━━ Information shown

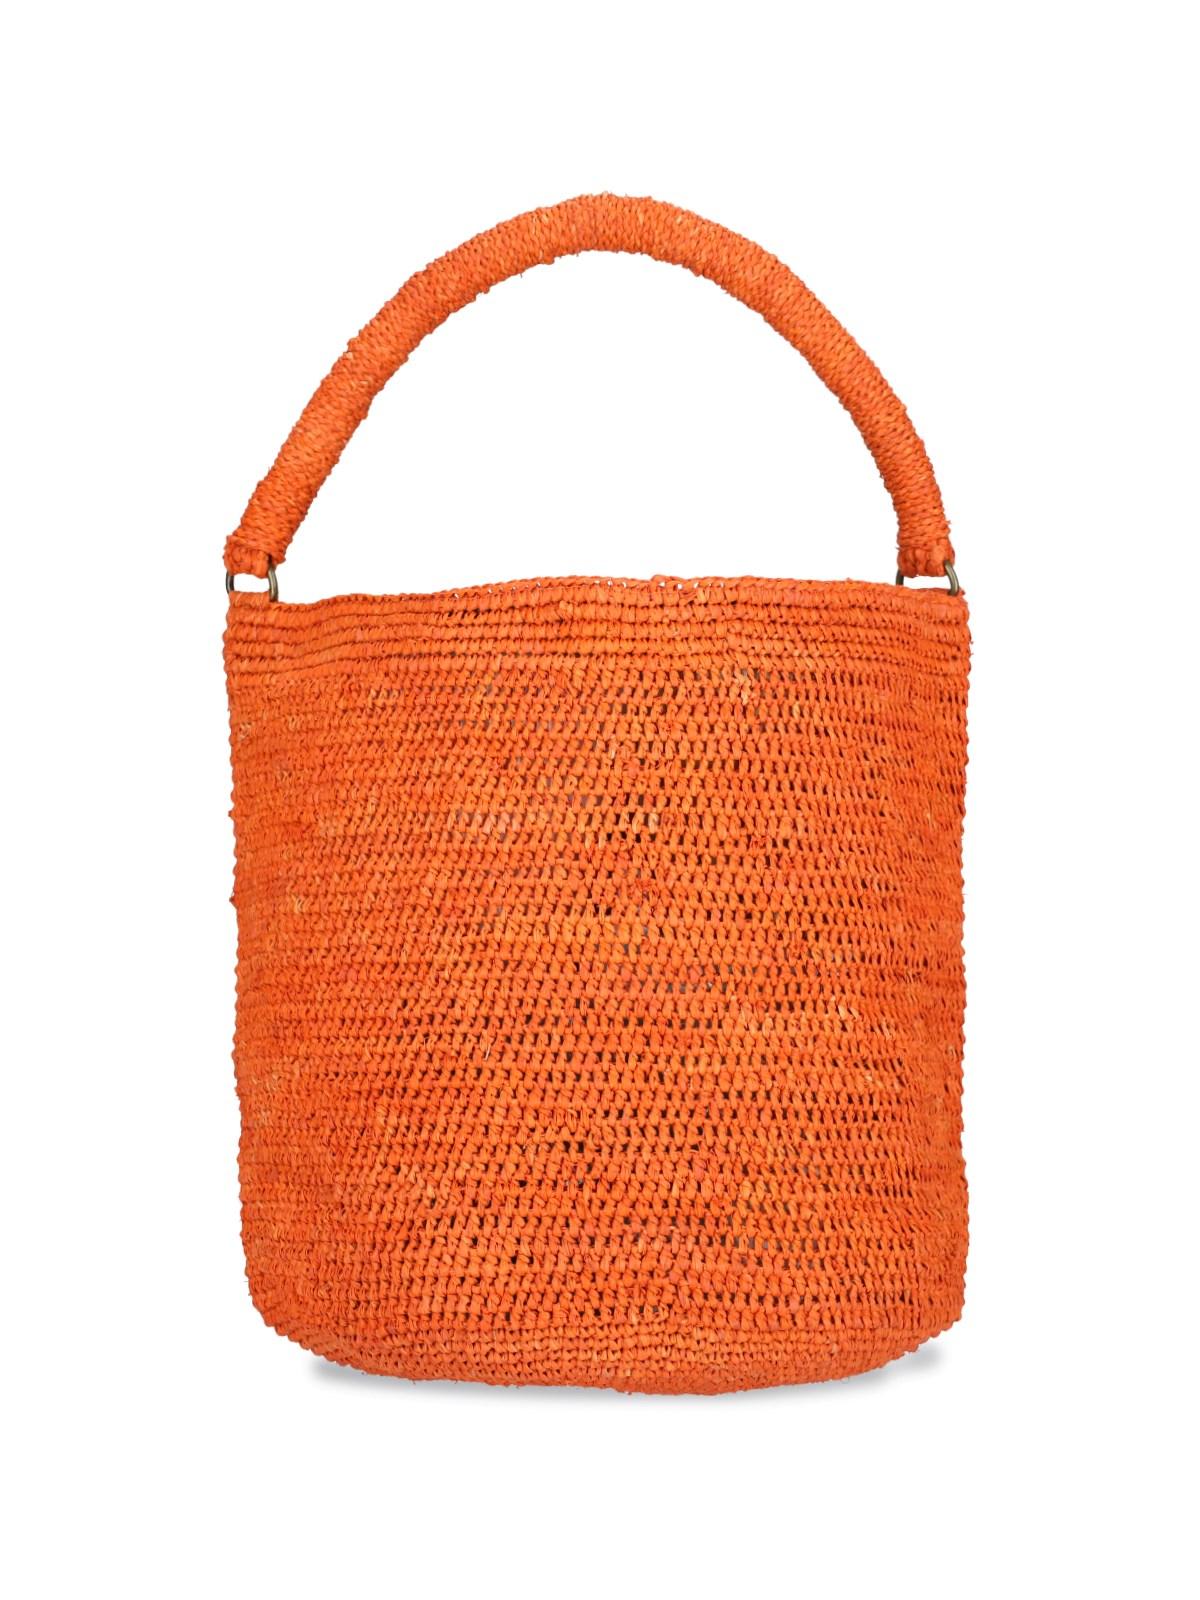 Ibeliv Siny Bucket Bag In Orange
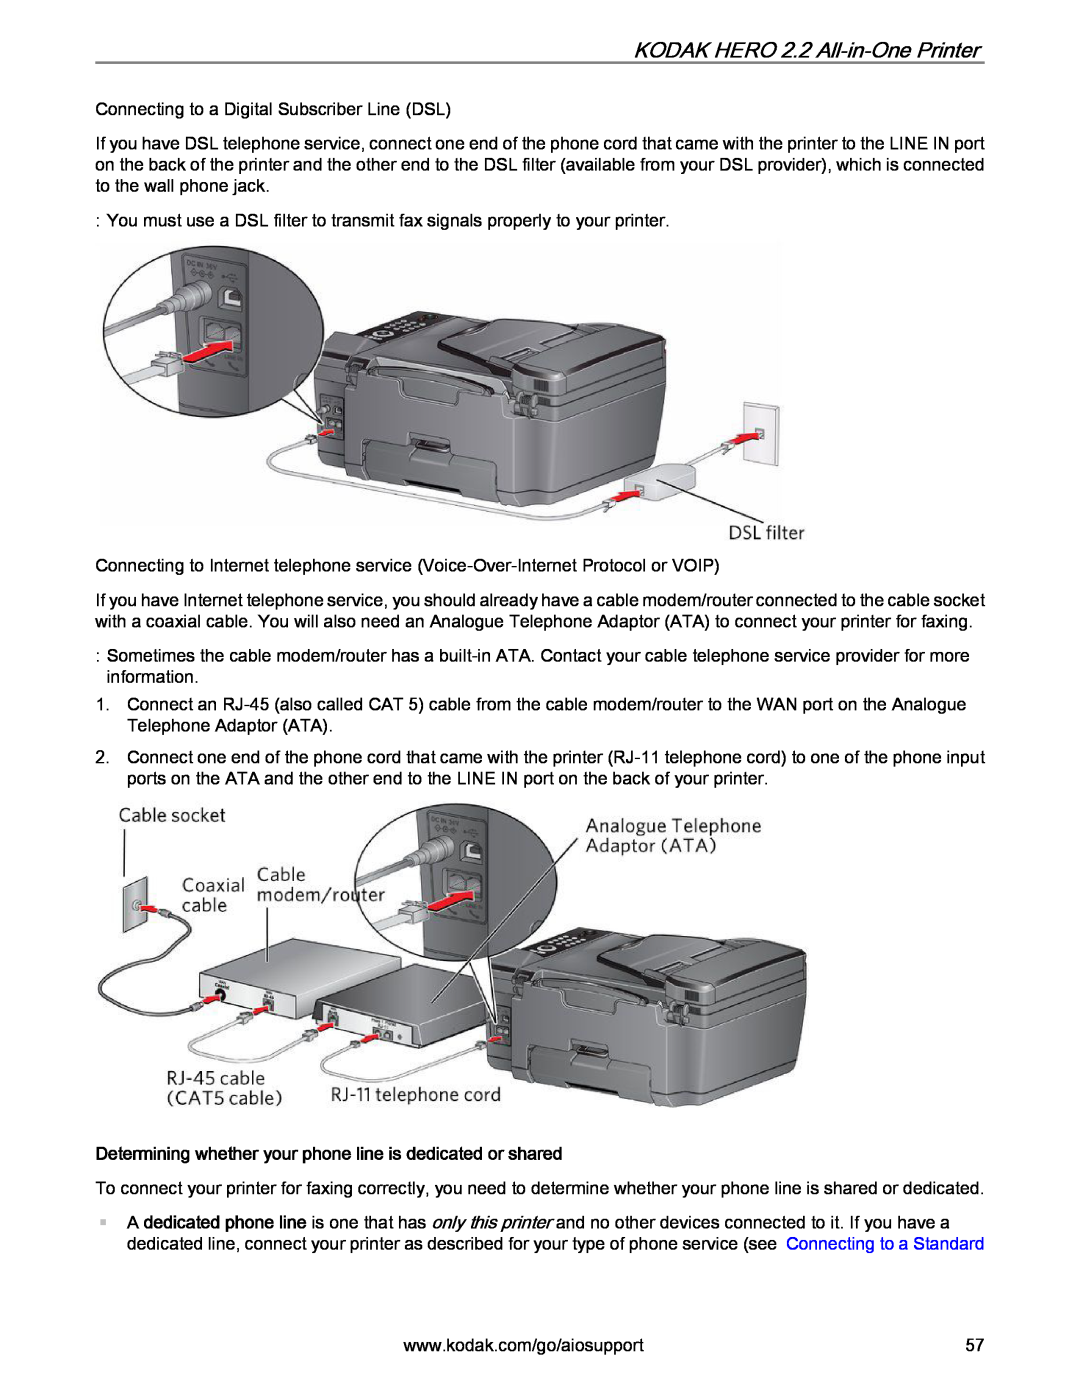 Kodak manual Determining whether your phone line is dedicated or shared, KODAK HERO 2.2 All-in-One Printer 
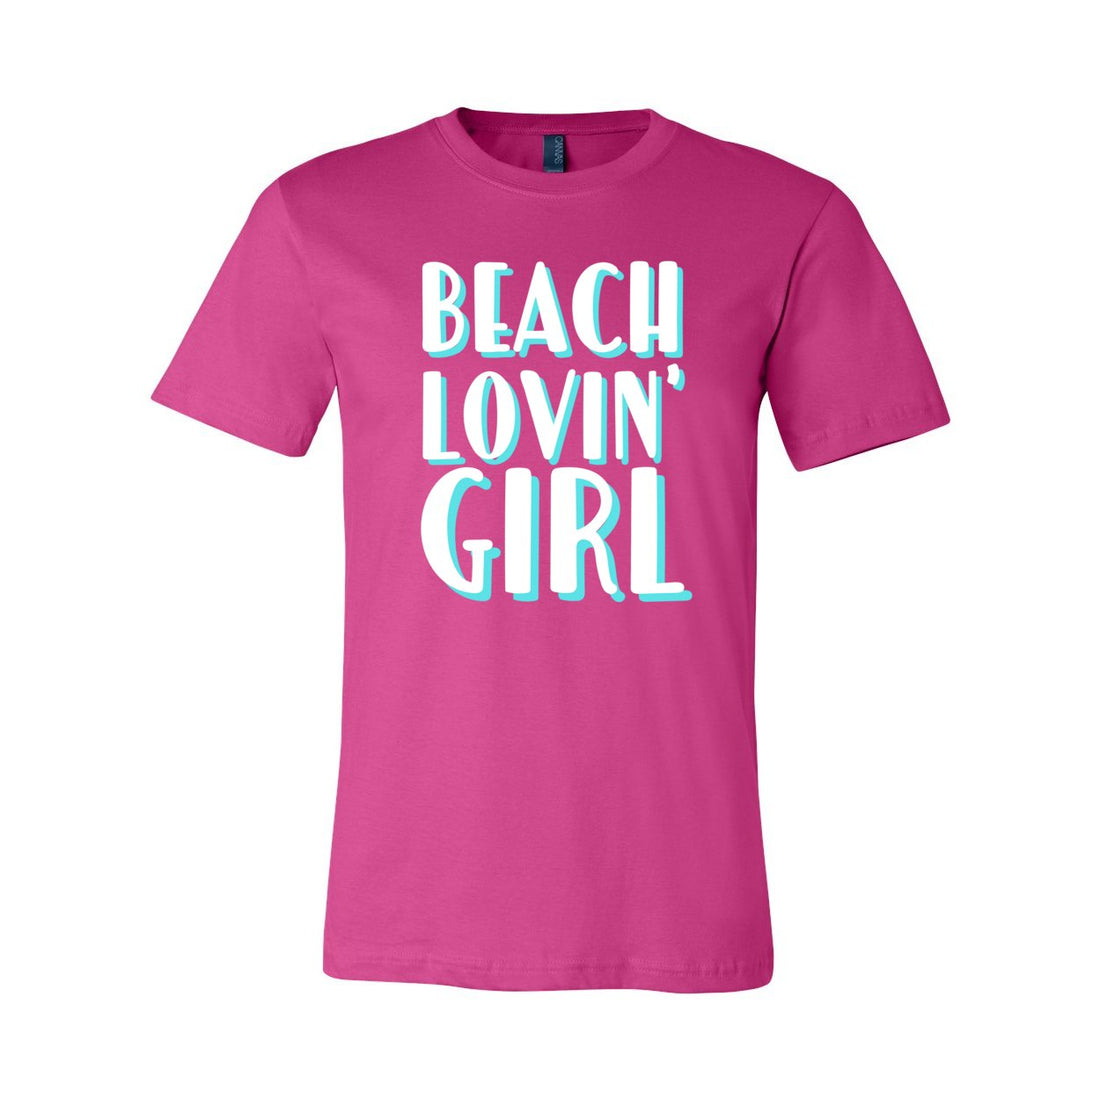 Beach Lovin' Girl Jersey Tee - T-Shirts - Positively Sassy - Beach Lovin' Girl Jersey Tee

━━━━

- [Brief] Line by line, write out the material exactly, leaving the images out.

- [Solution to the problem]
 Ibeliv Siny Bucket Bag In Orange
 Kodak manual Determining whether your phone line is dedicated or shared, KODAK HERO 2.2 All-in-One Printer 
 Beach Lovin' Girl Jersey Tee - T-Shirts - Positively Sassy - Beach Lovin' Girl Jersey Tee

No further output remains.